Jetzt frage ich euch was ich falshc gemacht habe, warum ich kein J2EE Projekt auswählen kann.




Zusätzlich habe ich mir später noch die
SDK für JEE 5 und die JDK 5 : ( java_ee_sdk-5_03-windows.exe )von der SUN Homepage gesaugt und installiert.

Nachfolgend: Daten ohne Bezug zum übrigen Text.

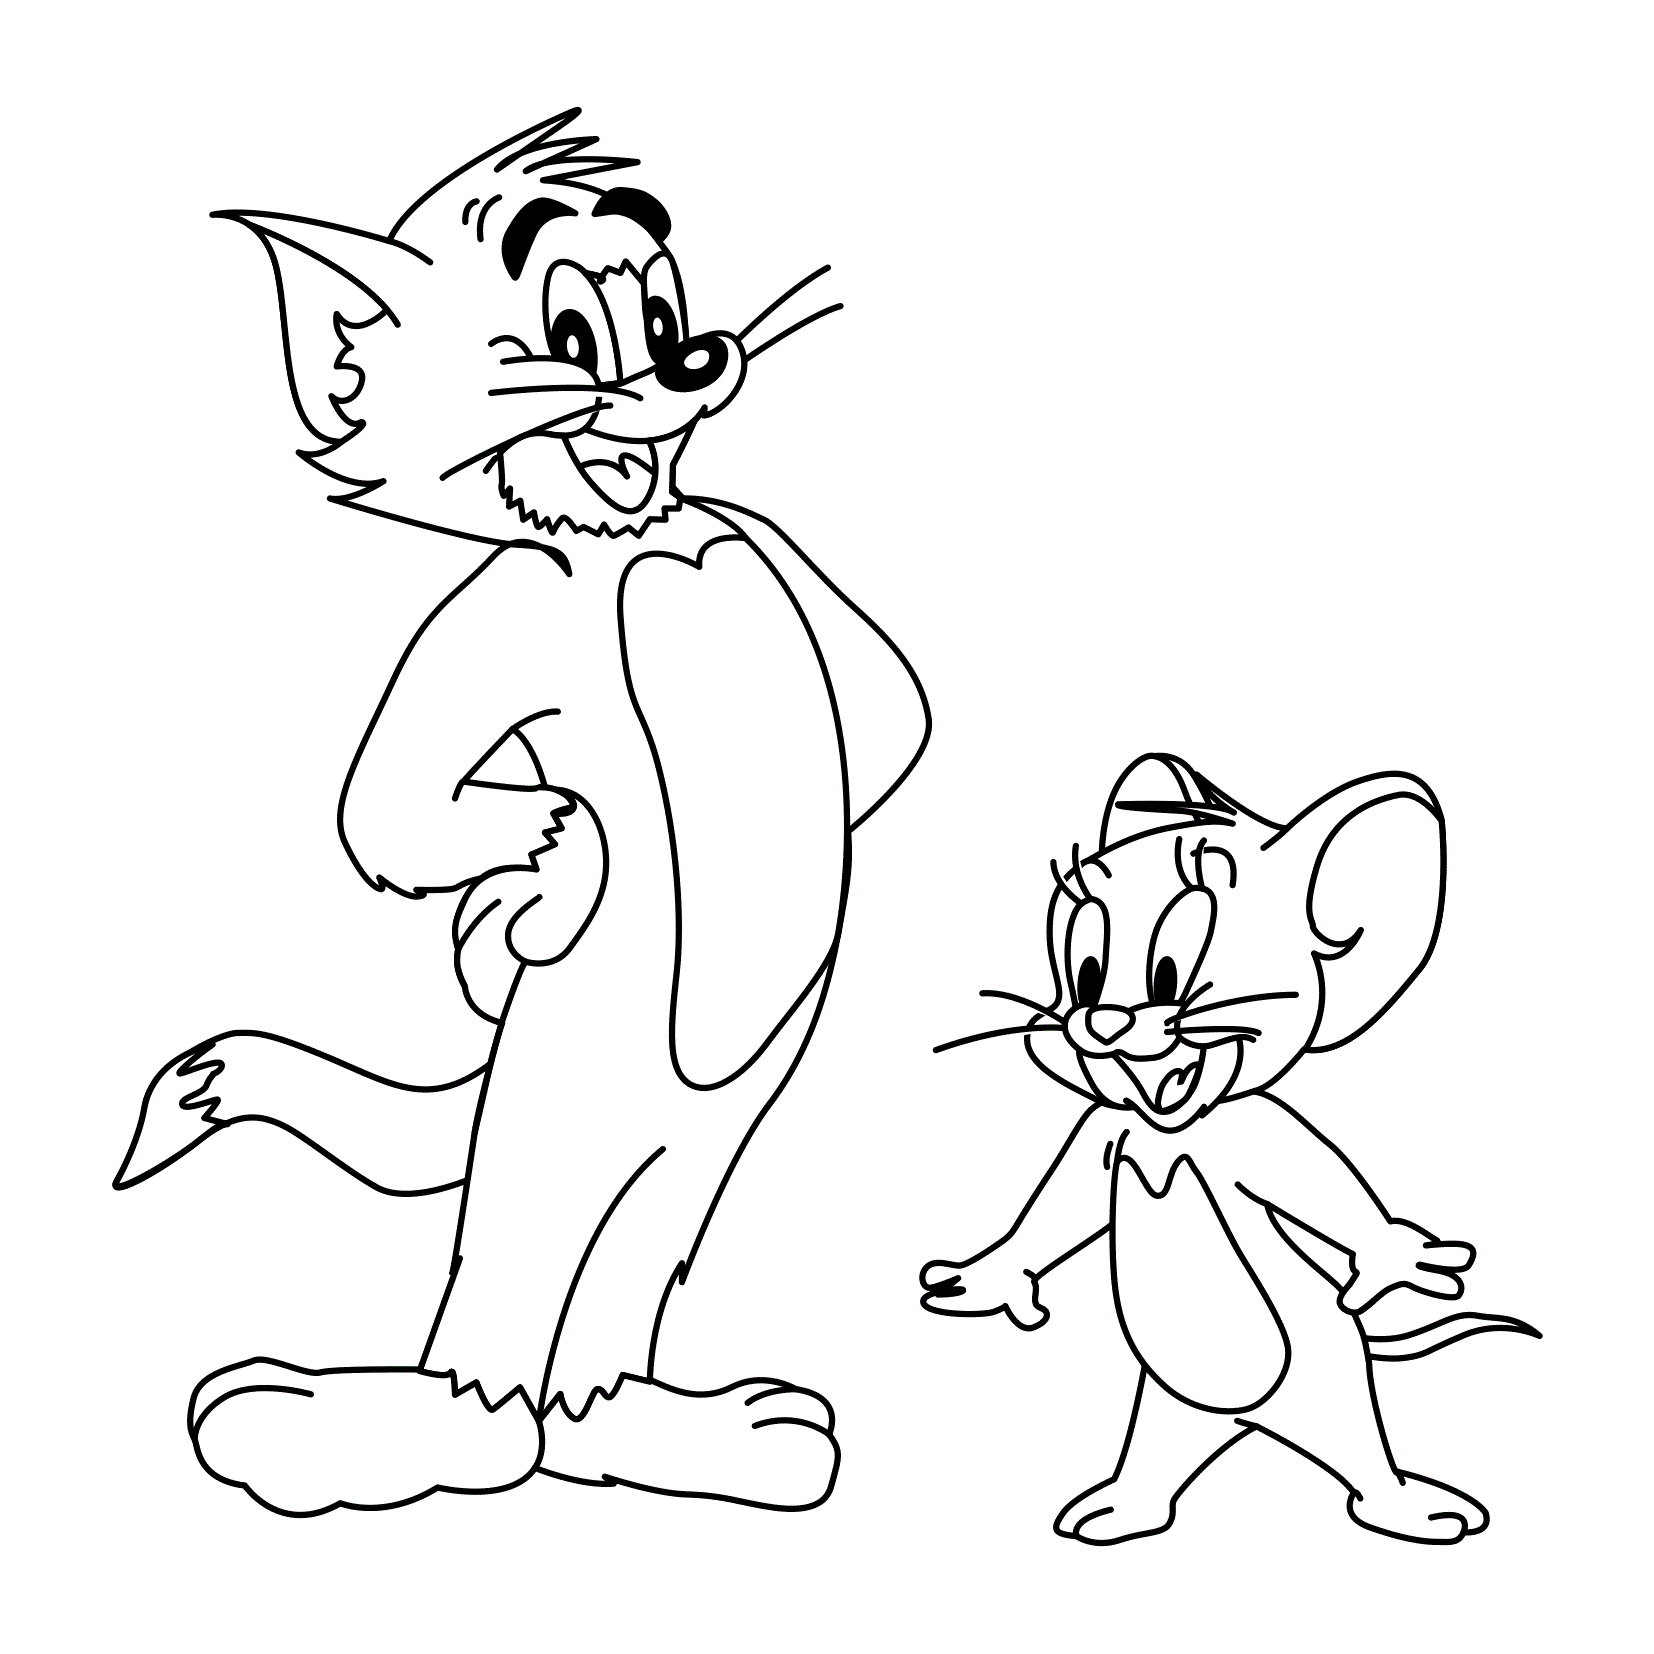 Coloring Page Tom And Jerry - Free Printable Templates

Ich habe dann im Eclipse die Runtime-Environment gegen die neuere Version (5.0 bzw 6.0) getauscht. Auch die JEE 5 SDK ist installiert.
Hat aber in meinem Eclipseprogramm (welches ich übrigesn nicht installieren musste (konnte man gleich nahc dem downlaod als exe aufrufen) keine Veränderung gebracht.

Bitte um hilfe


----------



## Wildcard (28. Sep 2007)

Für die J2EE Distribution brauchst du eine JRE >= 1.5. Schau mal bei help -> about -> configuration details mit was dein Eclipse gestartet wird.


----------



## Guest (28. Sep 2007)

ich habe einen 1.5er installiert
den hab ich auhc ausgewählt

Mein Problem ist, dass die Option ein J2EE Projekt zu erstellen bei mir nicht existiert. Lediglich "Java" steht zur verfügung.
Ich weiss aber nicht wie ich diese fehlende Projekt-Erstelloption herbekomme- oder ob die vll bei allen Eclipse 3.3 fehlt.


----------



## expseeker (28. Sep 2007)

Das sind alle Projektmöglichkeiten die ich habe:


----------



## maki (28. Sep 2007)

Solltest eine Callisto distri holen:
http://www.eclipse.org/callisto/java.php

WTP ist was du suchst.

Exadel Studio Pro ist auch eine gute alternative, bzw. das Red Hat Developer Studio Beta 1, wenn es denn nur zum Testen ist.


----------



## Guest (29. Sep 2007)

maki hat gesagt.:
			
		

> Solltest eine Callisto distri holen:
> http://www.eclipse.org/callisto/java.php
> 
> WTP ist was du suchst.
> ...


Und nachts ist es kälter als draußen.
Calisto ist doch schon viieeeel zu alt. ;-)


@expseeker
Wie sieht das Plugins-Verzeichnis von deinem Eclipse-JEE aus? Gibt es dort jede Menge Plugins, die mit 
org.eclipse.jst.* oder org.eclipse.wst.* anfangen? Hast du zufällig ein Workspace von einer älteren Version 
ausgewählt?
Die Auswahl der Projekte in deinem Screenshot sieht mir ganz nach der "IDE for Java-Developer" Version 
von Eclipse.
Die Default-Perspektive bei "IDE for Java EE Developers" ist JEE statt Java, wie bei anderen Versionen.


----------



## expseeker (30. Sep 2007)

Anonymous hat gesagt.:
			
		

> maki hat gesagt.:
> 
> 
> 
> ...




richtig es gibt jede menge org.eclipse.jst.* oder org.eclipse.wst.* Plugins
nur die IDE ansich schient absolut nicht jee mäßig zu sein. es gibt die perspektive jee nicht
und als defaultperspektive war java eingestellt.

mir scheint als haben die einen fehler gemacht
ich werde mir mal version 3.2 saugen


----------



## Wildcard (30. Sep 2007)

expseeker hat gesagt.:
			
		

> mir scheint als haben die einen fehler gemacht


Aber klar doch. Es waren die anderen  :wink:


----------